Mulanya lelaki itu mengawasi latihanku ini, namun ketika aku menginjak usia 13 tahun dan ia merasa aku sudah dapat dipercaya, akhirnya ia melepaskan pengawasannya dan membiarkanku menjalankan rutinitas ini seorang diri. Tentu saja saat itu aku hanyalah seorang bocah laki-laki yang ingin menghabiskan waktu untuk tidur ketika memang langit masih memberikan kesempatan siapapun untuk beristirahat.

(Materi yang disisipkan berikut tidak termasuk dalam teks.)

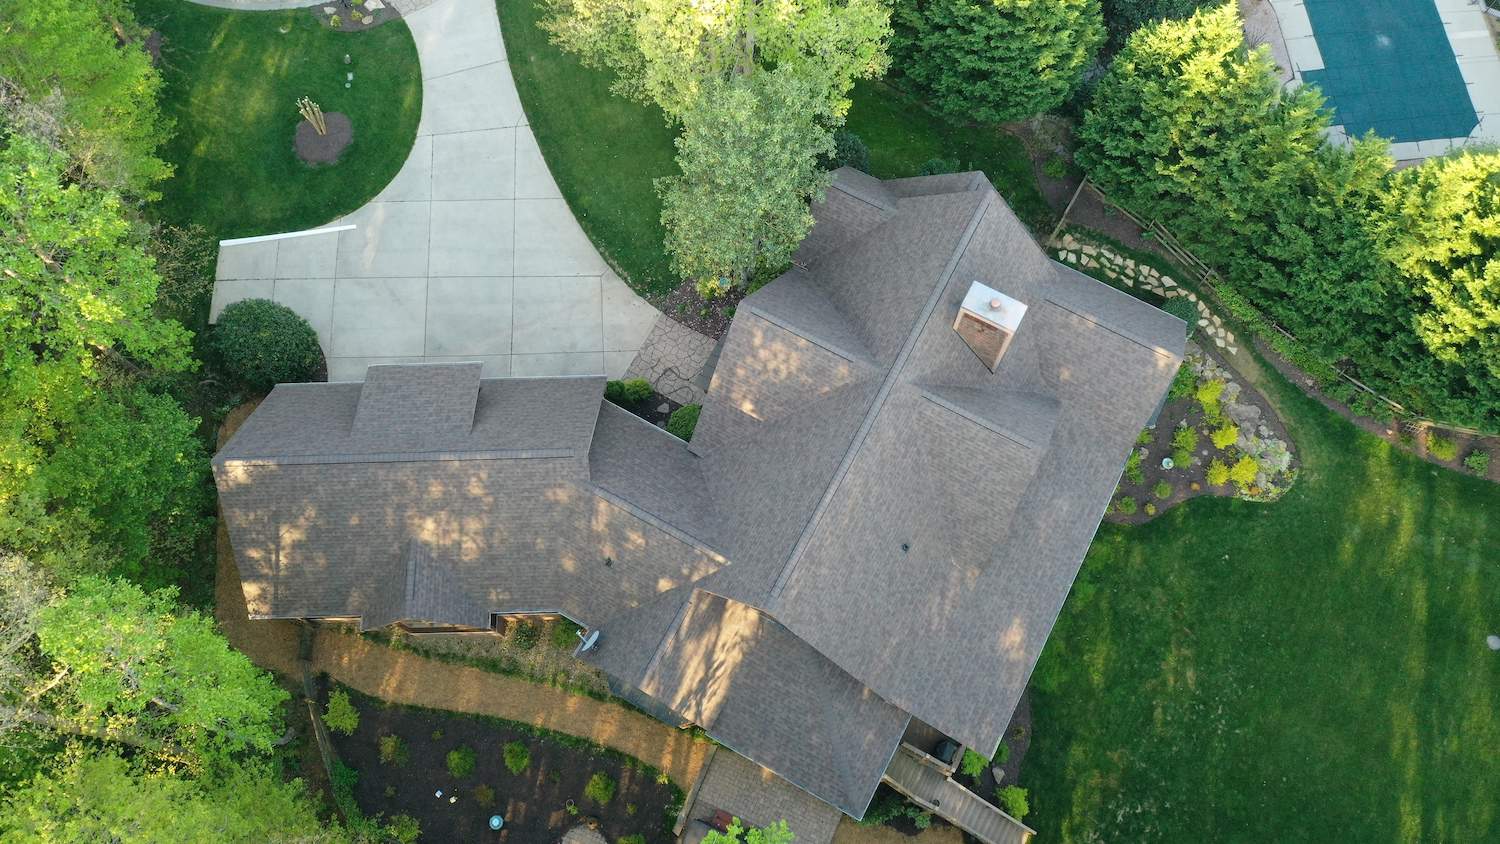 http://top%20aerial%20view%20of%20trudefinition%20duration%20teak%20shingles%20on%20residential%20home%20and%20driveway

Tepat pukul 03.00 pagi aku mulai berlari menuju lapangan, namun tak lantas melanjutkan berlari mengelilingi lapangan luas itu, aku malah mencari tempat untuk terlelap dan menghangatkan diri. Sebenarnya aku sudah dapat menduga, bahwa lelaki itu akan marah besar jika mengetahui kecurangan yang telah aku lakukan. Dan benar, hari sial itu menimpa ku, aku tidak tahu jika lelaki itu mengikutiku sepanjang perjalan menuju lapangan, dan ketika aku mulai menemukan tempat untuk kembali terlelap, ia berteriak membentakkan namaku, raut wajahnya merah menyala di tengah rembulan, sangat marah, lebih marah dibandingkan ketika seorang guru di sekolahku memanggilnya karena aku mencoret tembok sekolah.

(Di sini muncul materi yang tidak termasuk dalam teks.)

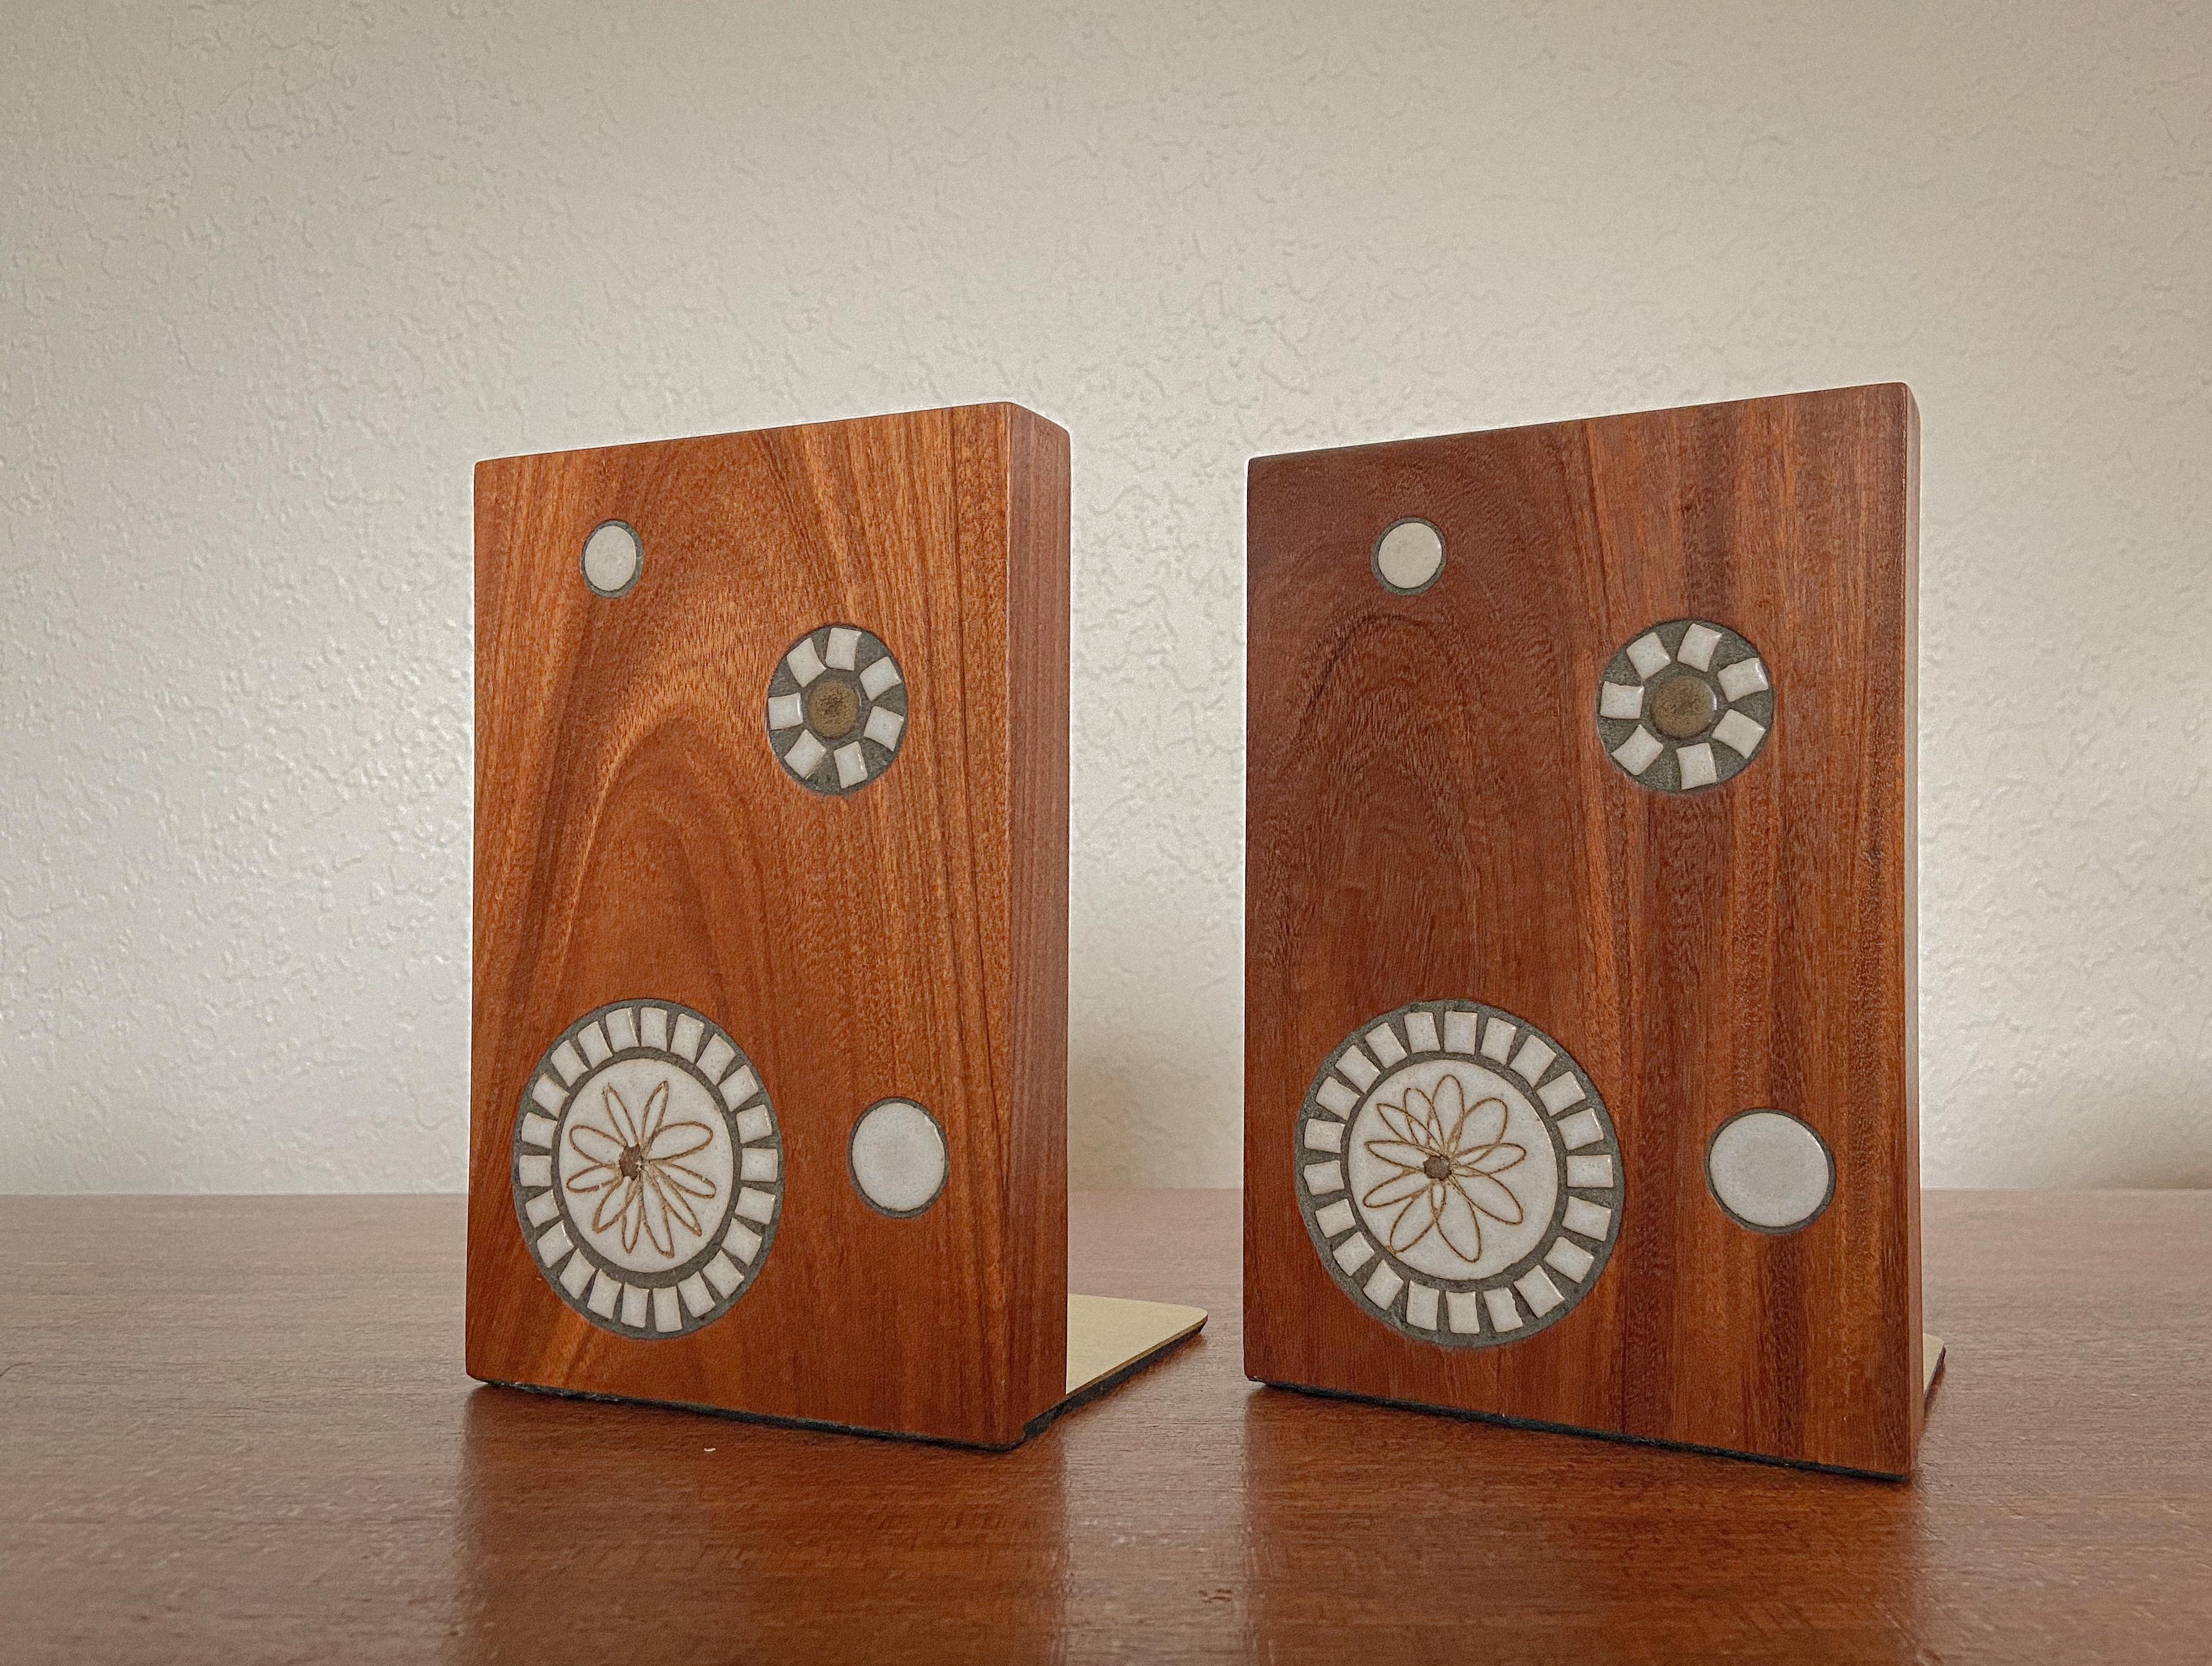 A unique and wonderful set of bookends designed by Gordon and Jane Martz for Marshall Studios. These feature solid walnut bodies inlaid with handmade glazed ceramic tiles, These are a bit unique because they feature a sgraffito pattern on the

Sejak kejadian itu, ia mulai mengawasiku kembali, bahkan latihanku kali ini ia tambah menjadi semakin berat. Mulanya aku berlari pada pukul 03.00 pagi dan hanya berlari mengelilingi lapangan sebnyak 15 putaran. Namun, kali ini ia menyuruhku mulai berlari pada pukul 02.00 pagi, berlari mengelilingi lapangan sebanyak 30 putaran, dan melakukan berbagai macam latihan fisik untuk bela diri.
Bukan hanya itu, karena memang ia tidak memberikanku kendaraan, akhirnya untuk berangkat dan pulang dari sekolah akupun harus berlari, mengingat jarak antara rumah dan sekolahku terbilang lumayan jauh dan perlu menghabiskan waktu lebih dari satu jam jika tanpa kendaraan.
Begitupun sore hari, aku harus berlatih fisik untuk bela diri. Sejak saat dimana usiaku 10 tahun hingga saat ini usiaku 17 tahun, aku tidak memiliki kesempatan untuk bermain dengan wanita manapun, aku diajarkan untuk bergaul hanya dengan para lelaki. Entahlah, lelaki itu mengajarkanku untuk tetap tumbuh menjadi seorang lelaki yang perkasa, pantang menyerah, dan tidak takut akan apapun, juga tidak boleh bergaul dengan wanita, kecuali ibuku.
“Jangan biarkan tubuhmu terluka, kecuali saat berlatih”. Itu yang selalu ia tekankan padaku. Walau aku sudah hidup dengannya selama 17 tahun, aku tidak pernah mendengar sepatah katapun apa yang pantas seorang ayah katakan pada anaknya, kecuali “jadilah lelaki!” “cepat lari!” “jangan menangis kau bukan wanita!” “pecundang!” “brengsek!” “Jangan biarkan tubuhmu terluka, kecuali saat berlatih!” dan tentu saja “jangan pernah panggil aku ayah!”.
Begitulah, aku tumbuh dengan segala latihan fisik yang berat dan perkataan kasarnya. Sesungguhnya aku sudah terbiasa dengan rutinitasku setiap hari. Namun seiring dengan aku yang sudah terbiasa, aku pun mulai muak dan ingin berontak terhadap perlakuannya yang terus ingin aku menjadi seorang lelaki. Aku sungguh tidak mengerti apa yang ia maksud untuk menjadi seorang lelaki. Apakah aku ini tidak terlihat sebagai seorang anak laki-laki dimatanya?